Description of the task: Of the lines in the material below, print only those from the one containing "到着禁輸部分的にコーセー 雪肌精 シュープレム" to the one containing "Carice van Houten", ends included, exactly as written and without pictures.

Dataset:
☆ ☆ ☆ ☆
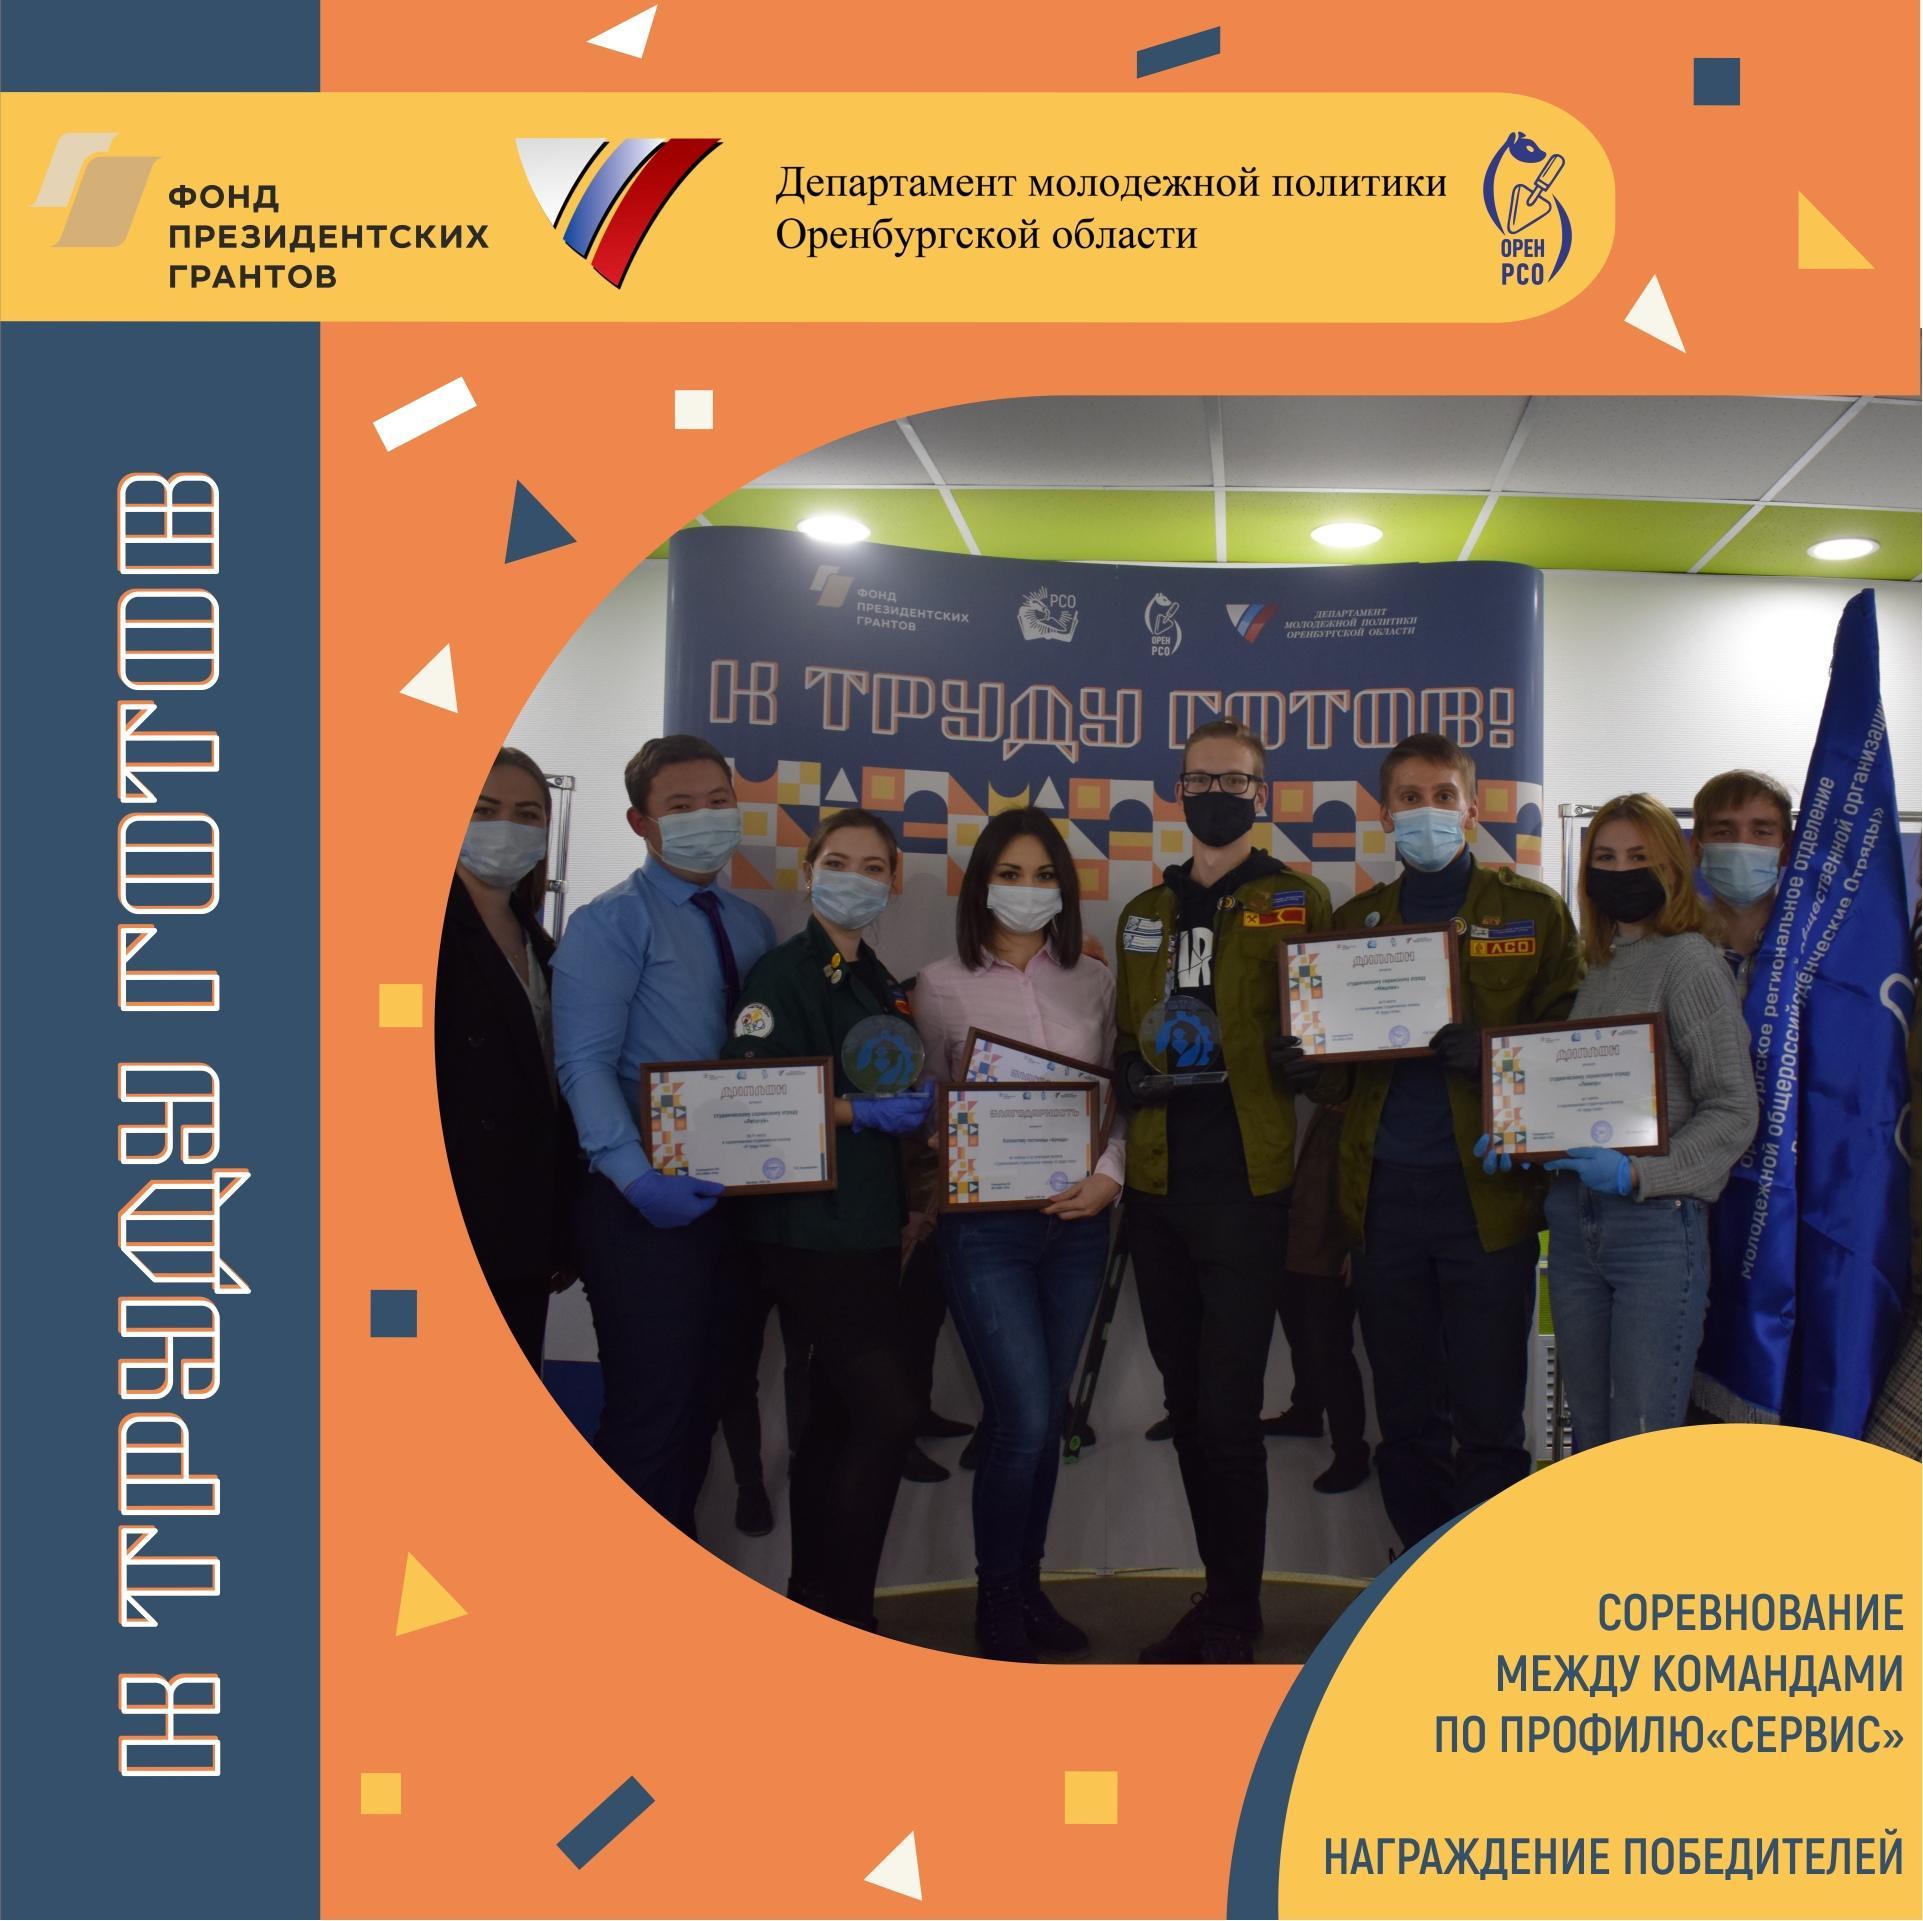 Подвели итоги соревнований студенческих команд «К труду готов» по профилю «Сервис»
☆ ☆ ☆ ☆
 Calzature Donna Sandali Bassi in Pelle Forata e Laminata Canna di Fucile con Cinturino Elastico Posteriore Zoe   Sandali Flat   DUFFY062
☆ ☆ ☆ ☆
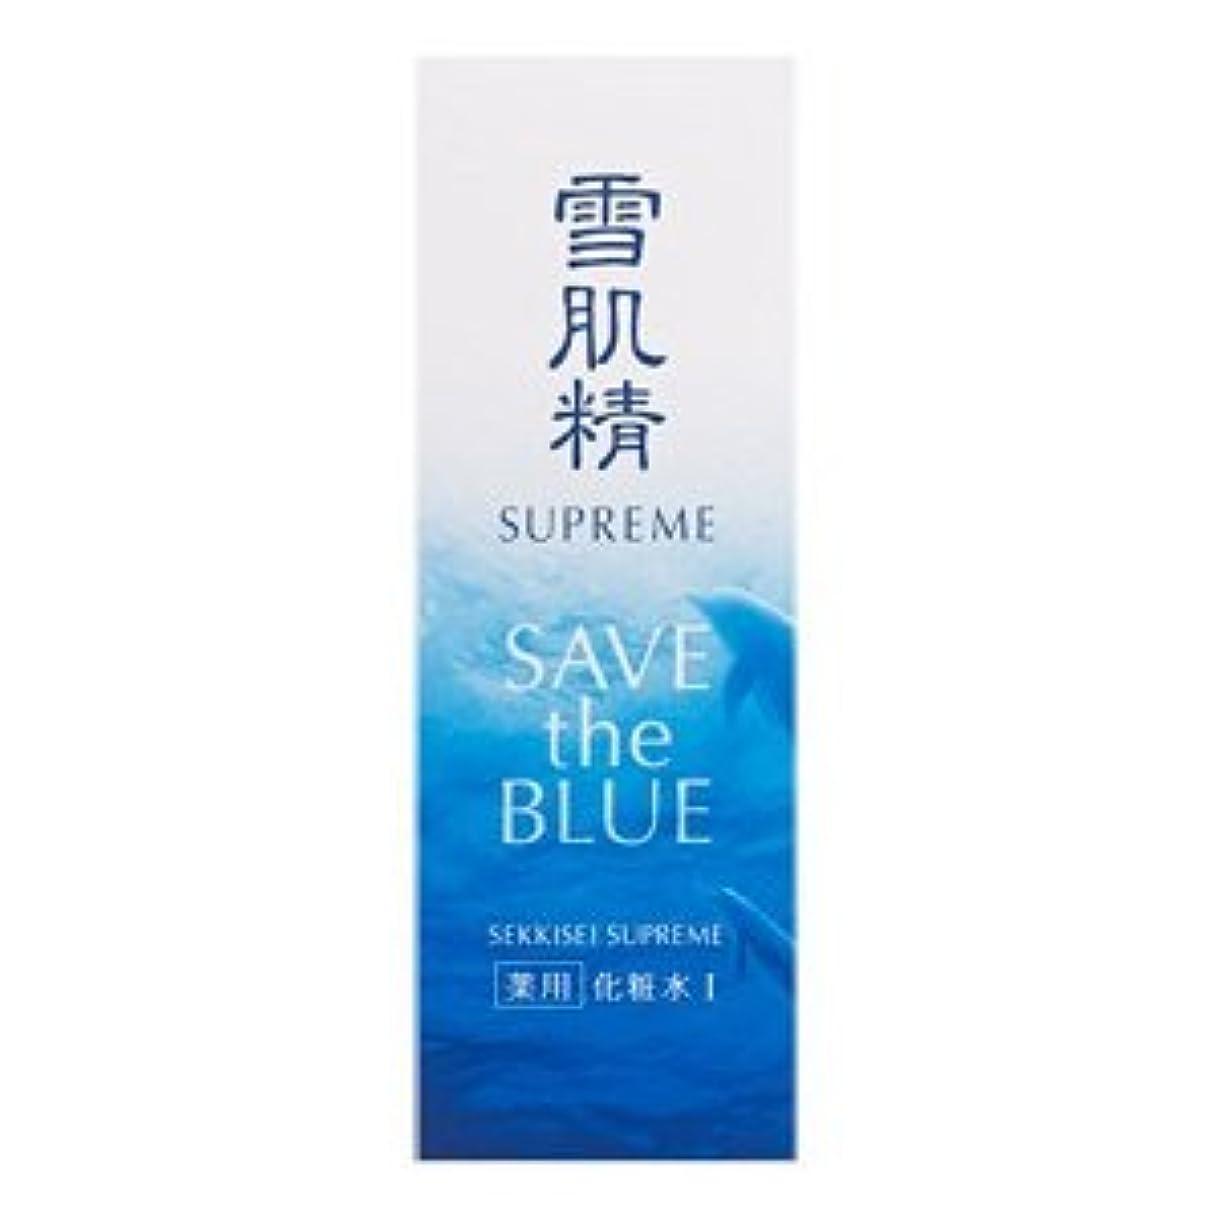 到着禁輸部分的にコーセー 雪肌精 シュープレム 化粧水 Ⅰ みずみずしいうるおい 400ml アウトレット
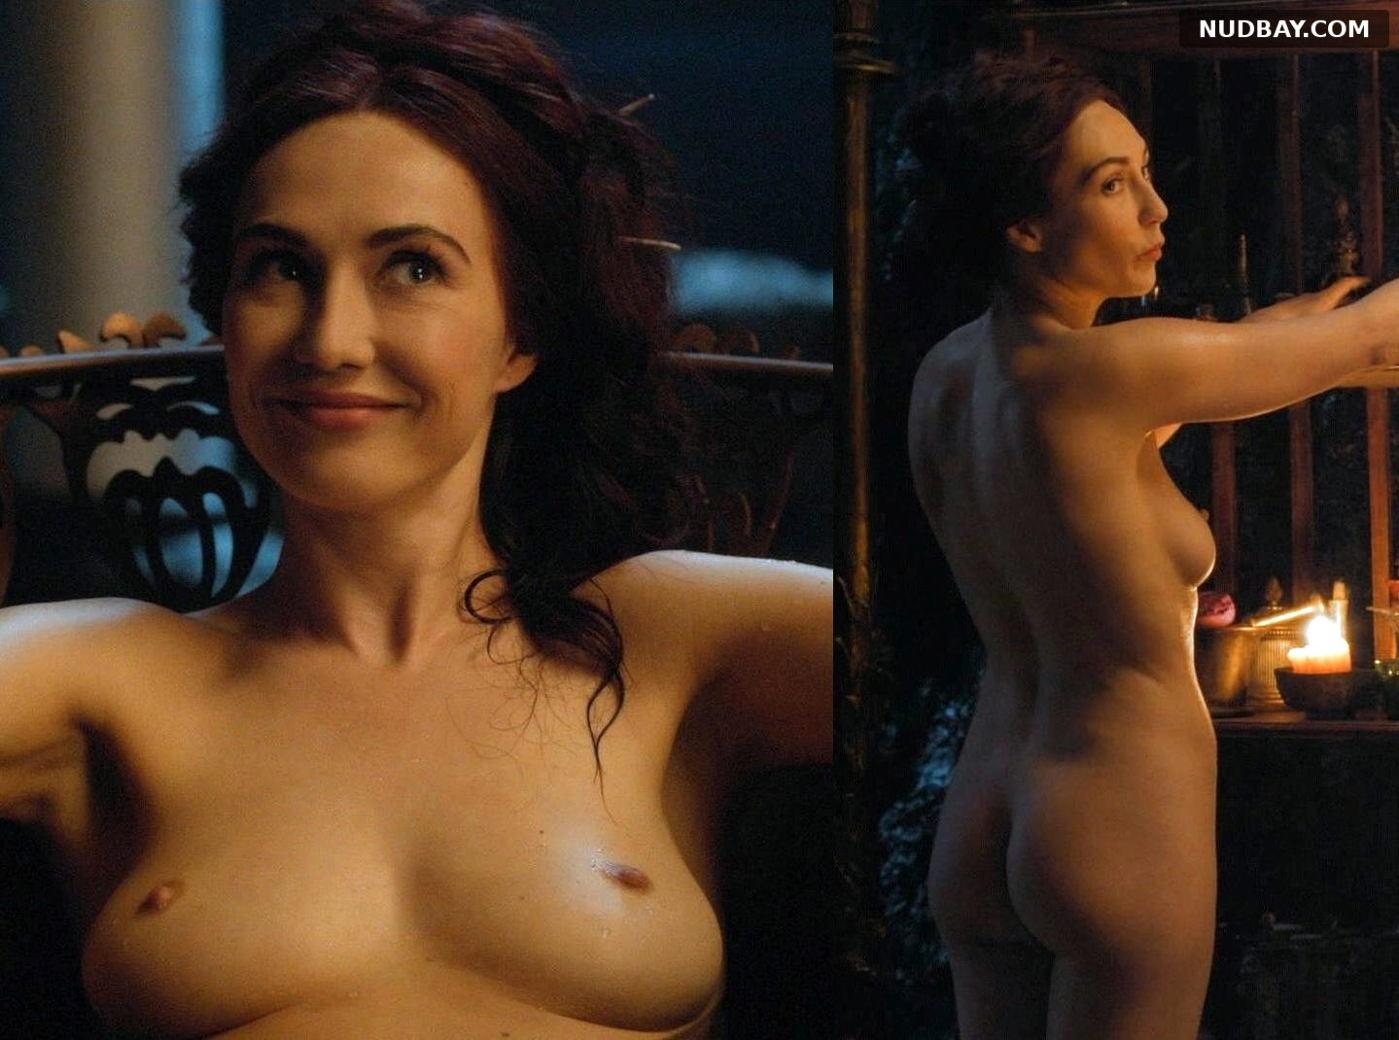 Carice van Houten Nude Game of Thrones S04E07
☆ ☆ ☆ ☆
Solution below:
 到着禁輸部分的にコーセー 雪肌精 シュープレム 化粧水 Ⅰ みずみずしいうるおい 400ml アウトレット
 Carice van Houten Nude Game of Thrones S04E07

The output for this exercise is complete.